2021 ACC Top 10 30-Something: Anushree Bagrodia

The ACC Top 10 30-Somethings awards recognize in-house counsel between the ages of 30 and 39 for their innovation, global perspectives, proactive practice, advocacy efforts, and pro bono and community service work.


Anushree Bagrodia’s resilience and confidence carried her from Mumbai to London to New York and allowed her to turn a six-month assignment at Mastercard into a career that has spanned eight years, two continents, and countless hours of trusted work. And in all of this it was her adaptability to reinvent herself that allowed her to advise diverse businesses across many countries.

During her undergraduate years in India, Anushree pursued a degree in finance. She jokes that her eventual interest in law was derived from novels — and not the fact that her mother had been an attorney. “I can totally blame John Grisham for it,” she says. With the encouragement of her family, Anushree moved to the United Kingdom to earn her master’s in law from Oxford University.

When she first started at Mastercard in London, Anushree had many questions. How does the business work? What are the company’s best interests in negotiating contracts? What more does the company do other than credit and debit cards? To help her answer these questions, there was no program. So Anushree took it upon herself to build an onboarding program for Mastercard’s new in-house legal hires.

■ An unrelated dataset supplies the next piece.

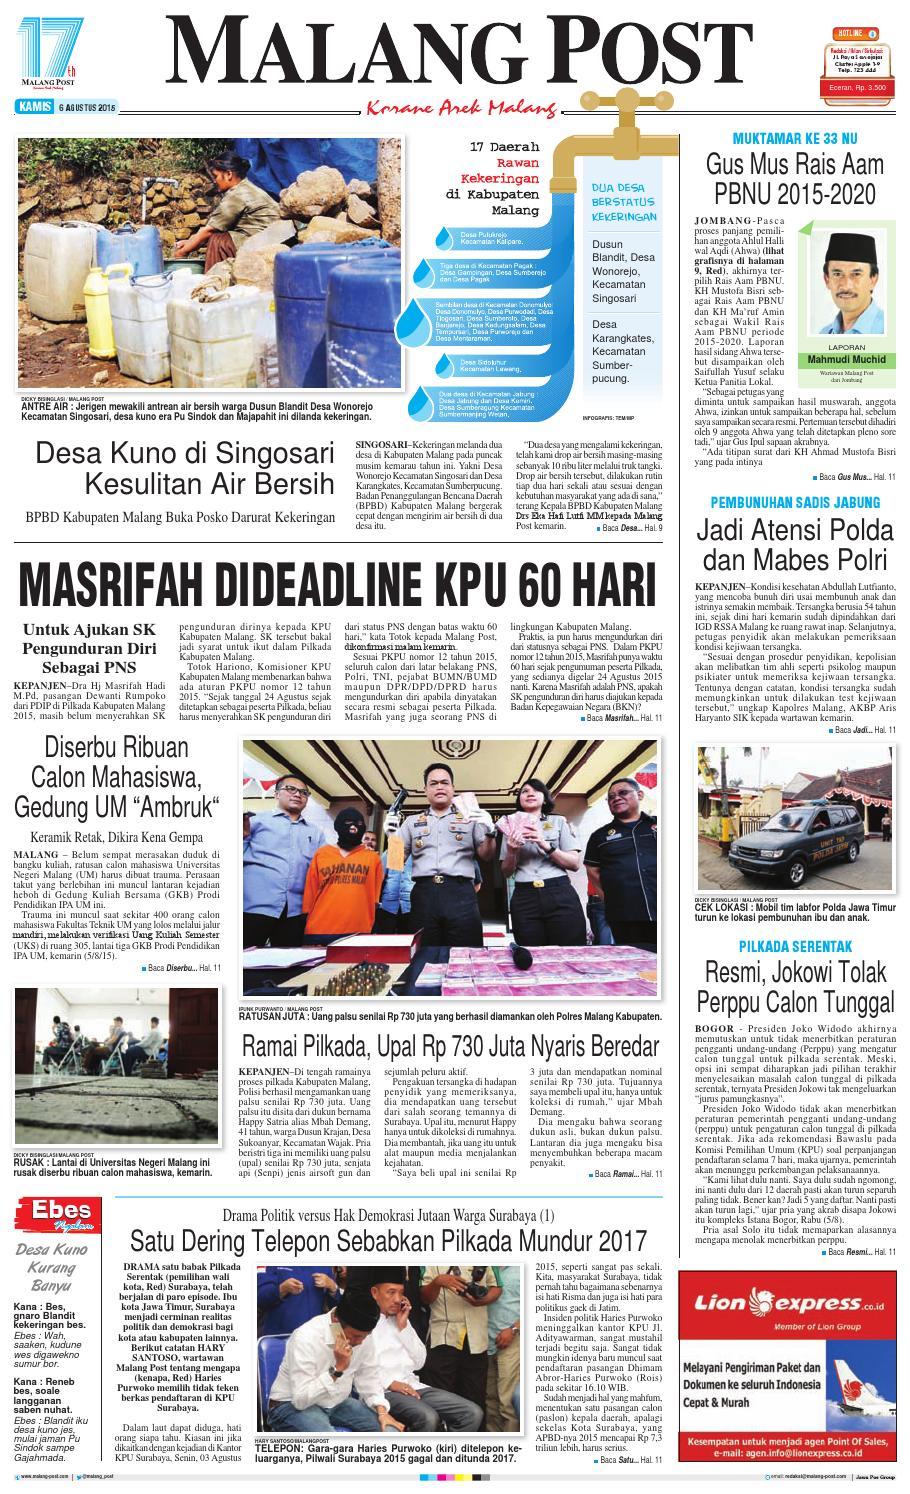 Mp0608 By Mpost Issuu Produk Ukm Bumn Kain Batik Middle Premium Sutera

Now senior managing counsel in New York, Anushree has been running this onboarding seminar for almost five years. She expanded it from a regional program to one with global reach, and successfully pulled off a virtual version during the COVID-19 pandemic, hosting 150 participants across time zones in eight live sessions.

"It is important to design new processes that will allow people to adapt."

Anushree is also the co-owner of Mastercard’s contracts policies, which gives her the ability to simplify the company’s procedures and improve cross functional collaboration. The goal was to make a procedure guide that is easy for all employees to understand. The result was a successful standard operating procedure plus the creation of the “Procedure Wizards,” a working group designed to improve communications between departments regarding their interdependent policies. The Procedure Wizards exist so that “no policies exist in a silo,” Anushree explains.

Anushree is always looking for ways to improve Mastercard’s systems, but she recognizes that change can be hard. “People are accustomed to doing things a certain way and that hard wiring is difficult to change even though the new way maybe easier. That is why it is important to design new processes that will allow people to adapt to the change more readily and that comes when they realize the benefits they will get from the change,” she says.

In her role at Mastercard, taking a different route meant transitioning the company away from pen and paper and toward electronic signatures. Mastercard has not gone away with ink entirely, but Anushree led the team that developed the global e-signature policies for the company — a project completed a year prior to the pandemic.

When executives started running to the legal department looking for how to implement the use of e-signatures in the spring of 2020, “Tthe legal team didn’t have to say, ‘give us some time and we’ll come back to you,’” Anushree proudly states, "We had a simple, user-friendly guide and processes already set-up in place."

"I am very passionate about paying it forward."

Another source of pride for Anushree is her work to support the next generation. “Having had many mentors and sponsors over the course of my career, I am very passionate about paying it forward,” Anushree shares. She participates in Mastercard’s Women’s Mentoring Program and chaired Mastercard UK’s Women Leadership Network, where she advocated for Mastercard to sponsor local awards for leading women in technology and organized a two-day corporate work experience program for first-generation high school girls.

Since moving to New York in 2016, she has quickly entrenched herself in organizations like ACC, the Leadership Council on Legal Diversity (LCLD), and the New York chapter of the Asian American Bar Association (AABANY), where she mentors law students and young professionals. She also recently recorded a podcast on career development for young lawyers.

Recalling her own journey, Anushree advises those just starting out, “You need to be resilient, but on top of everything, you need to be confident about the value that you bring.”